**WHAT THIS TASK INVOLVES:**
All of the listing should be returned as written, apart from any picture in it.

**RECORDED INFORMATION:**
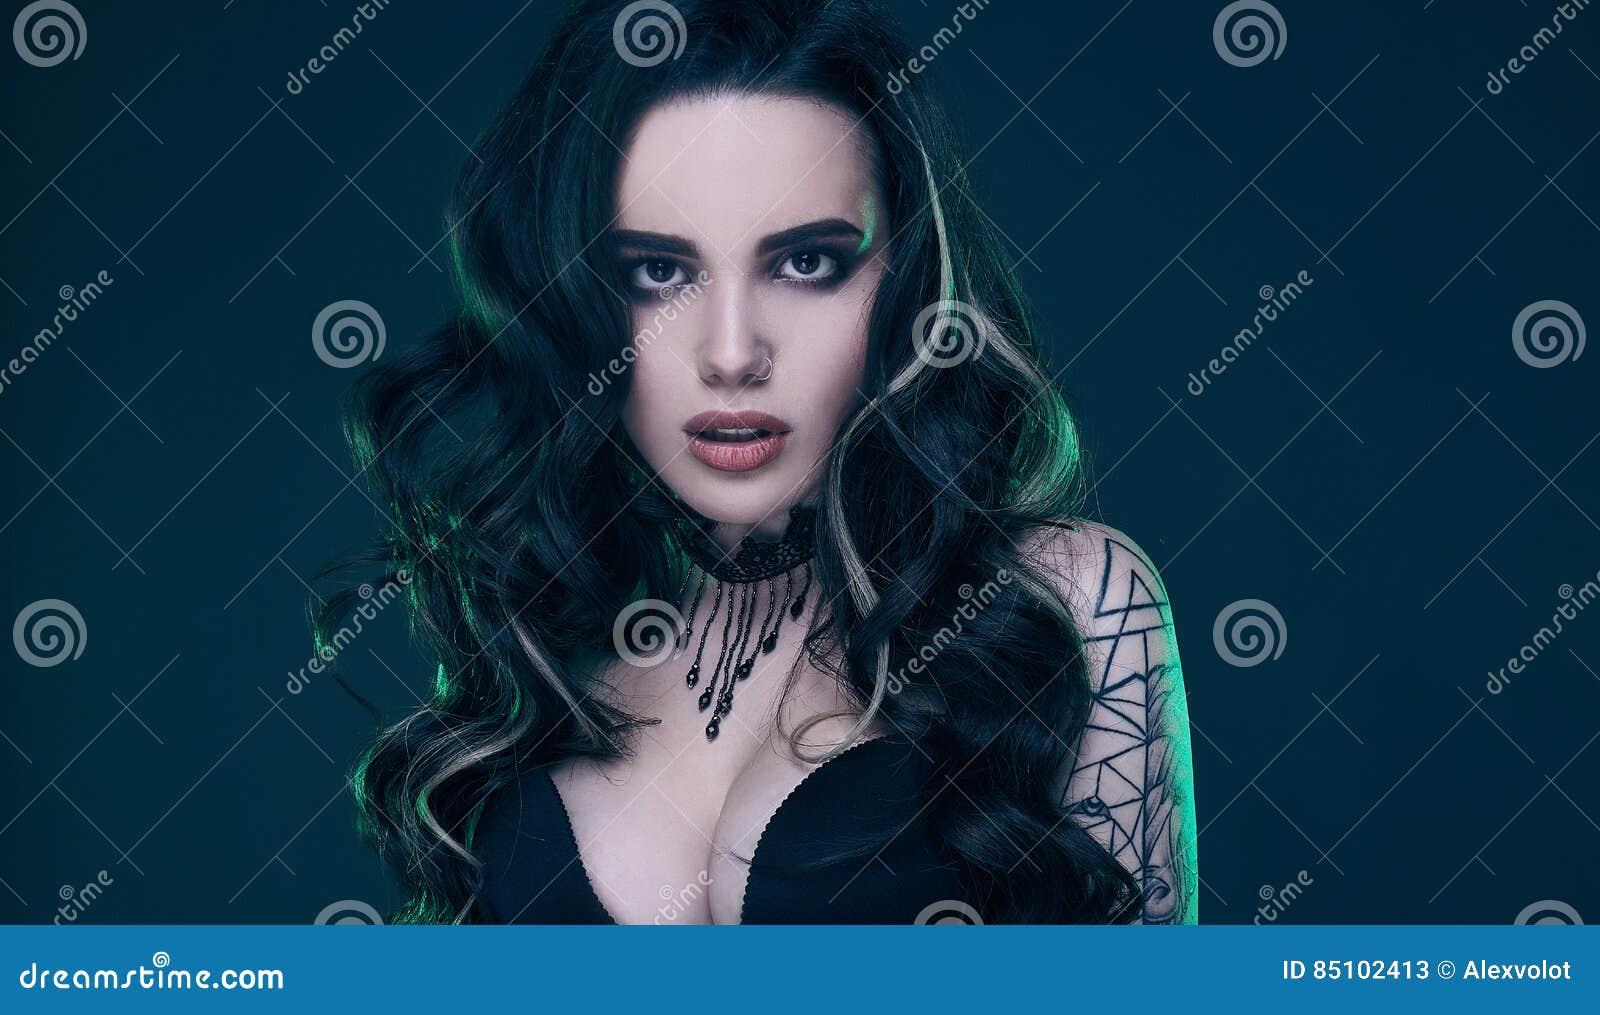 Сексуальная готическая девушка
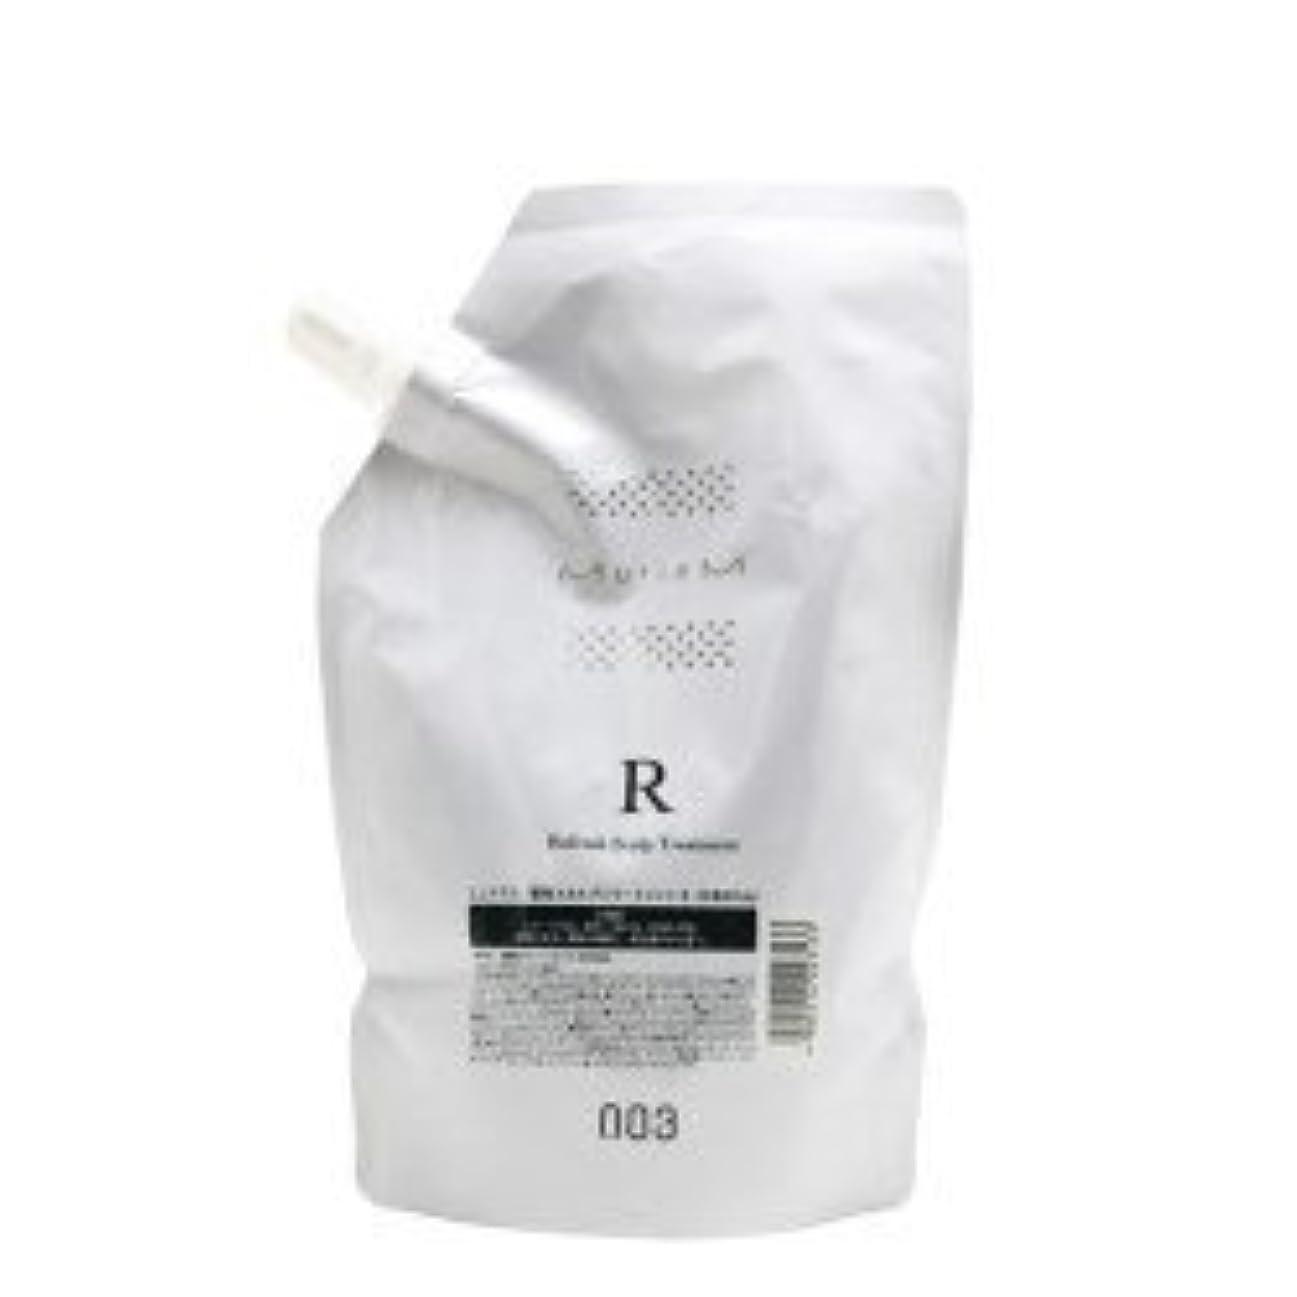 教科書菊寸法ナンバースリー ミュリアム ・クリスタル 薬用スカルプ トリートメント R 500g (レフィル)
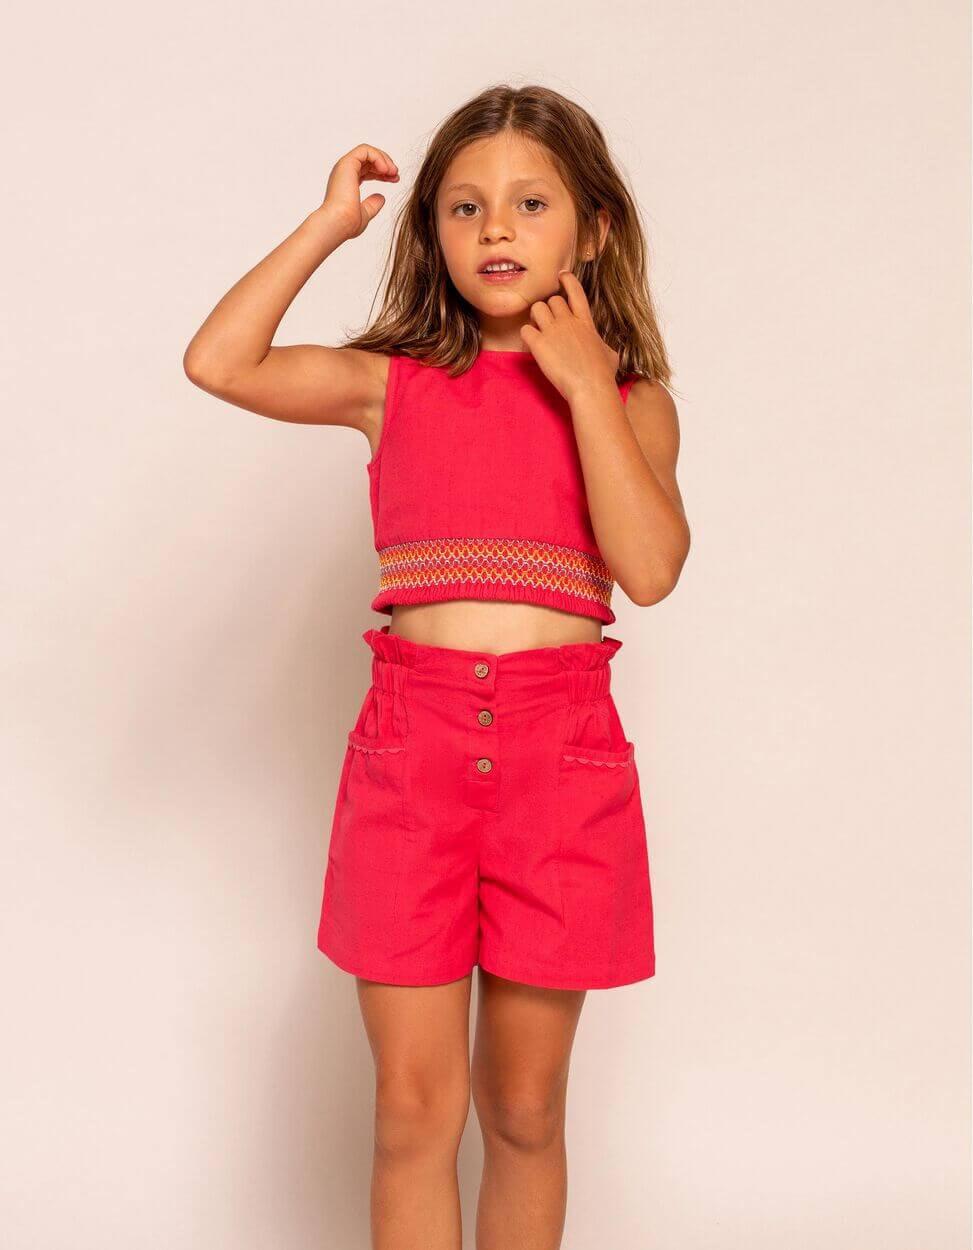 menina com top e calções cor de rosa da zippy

**COMPLETED EXERCISE:**
 Сексуальная готическая девушка
 教科書菊寸法ナンバースリー ミュリアム ・クリスタル 薬用スカルプ トリートメント R 500g (レフィル)
 menina com top e calções cor de rosa da zippy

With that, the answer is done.